Cochrane Crowd employs two strategies to ensure accuracy of contributor screening decisions. Firstly, each contributor is required to complete an interactive, bespoke customised training module prior to commencing each task, designed to improve their likelihood of making the correct classification for each record (‘individual accuracy’). Secondly, each record is reviewed and classified by multiple contributors, with an agreement algorithm used to improve the crowd’s likelihood of making the correct classification for each record (‘collective accuracy’). Typically, either three or four (depending on the task and experience of the individual screeners) consecutive identical classifications are required for a record to be labelled as either an RCT or not an RCT and removed from the screening task. Breaks in the consecutive chain, or ‘unsure’ classifications, are reviewed by crowd ‘resolvers’, highly experienced crowd contributors who make a final classification decision. Contributors are also supported in the screening task by the use of pre-specified highlighted words and phrases added automatically to each record they assess. These highlights flag notable parts of a title or abstract, and are used to direct a screener’s attention to key phrases or words which may help them make a classification decision (Fig. 1). On Cochrane Crowd, red highlights are used to flag words that may appear on citations that are unlikely to be relevant, whilst yellow highlights indicate particularly relevant keywords (such as ‘randomly assigned’, in an RCT classification task).

Citation screening task

Citations for screening were generated through searches conducted according to the review protocol [18] (Appendix 1). The initial search identified a total of 10,223 records; after the removal of duplicates, 9546 records remained for screening.

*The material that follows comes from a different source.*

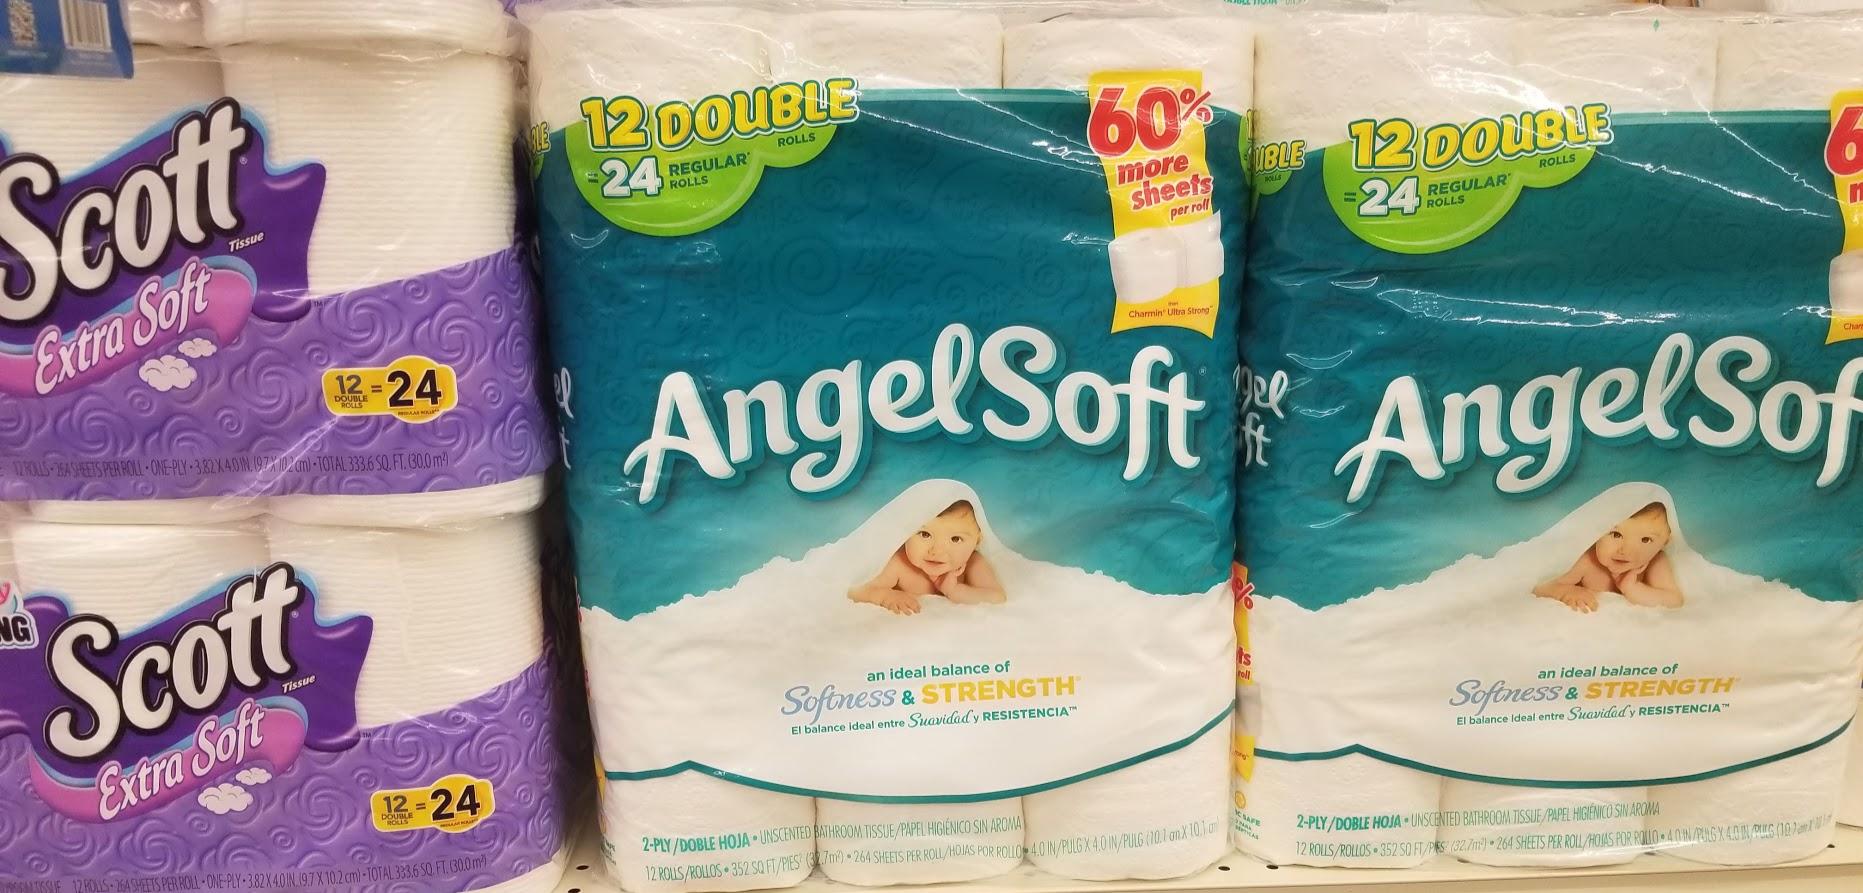 Angel Soft Bath Tissue Printable Coupon Deal at Walgreens!!

We created two identical citation-screening tasks on the Cochrane Crowd platform: one task for the systematic review author team (n = 4), comprising experienced researchers undertaking the systematic review (hereafter the ‘review team’), and the second task for existing registered users on the Cochrane Crowd platform (hereafter ‘the crowd’ – see details below). The screening task presented all contributors with a series of journal titles and abstracts identified from the review searches and asked them to determine whether each record may be relevant to the topic of the review (see Fig. 1). Unlike previous tasks hosted on Cochrane Crowd, this task was a ‘topic-based’ assessment task whereby the crowd was tasked with determining the potential topic relevance of each citation rather than assessing it based on study design. Three possible classification choices were available: Potentially relevant, Not relevant, and Unsure (for more information on what these classification terms meant see the Task Training section below). Terms for highlighting were pre-specified and based on the review search terms used (e.g. cardiotocography; training; course) and added as yellow highlights to records where they appeared. Red warning highlights were not used for this task.

The crowd

Cochrane Crowd contributors were approached via email invitation, giving details of the review and the citation-screening task. All crowd contributors who had screened 100 or more records in Cochrane Crowd’s RCT identification task were invited to participate: this is a standard entry criterion for all more complex tasks on the platform. A ‘frequently asked questions’ document gave more detail about the study (Appendix 2). We offered a certificate of participation to all contributors, and acknowledgement in the published systematic review for those who screened 250 or more records. The Cochrane Crowd community is open to anyone with an interest in healthcare including healthcare professionals and students, researchers, patients, carers and members of the general public.

Task training

We developed a task-specific online training module, hosted on Cochrane Crowd. This consisted of an introduction to the review topic and 20 practice records. It also included a description of the classification options available: Possibly relevant, Not relevant, and Unsure and guidance on when to use which option. In brief, Possibly relevant was to be used when records described or reported on both healthcare professional training and cardiotocography; Not relevant was to be used for records that were clearly not about both of one of those elements; Unsure was to be used if a participant was not sure either because the record contained very little information (for example a title-only record) or because the available information was simply not clear (see Appendix 3 for a pdf version of the training module). There was no pass mark for the training module and contributors could repeat the training as often as they wished. Both the crowd and the author team completed the same set of training records.

Agreement algorithm

We used different agreement algorithms for the review team and the crowd. For the review team, we used the standard recommended algorithm for citation-screening for systematic reviews as recommended by the Cochrane Handbook [20]. Two independent contributors assessed each record and made a judgement as to whether the record was potentially relevant, not relevant or that they were unsure. Records that received discordant assessments had a final decision determined by a third member of the review team.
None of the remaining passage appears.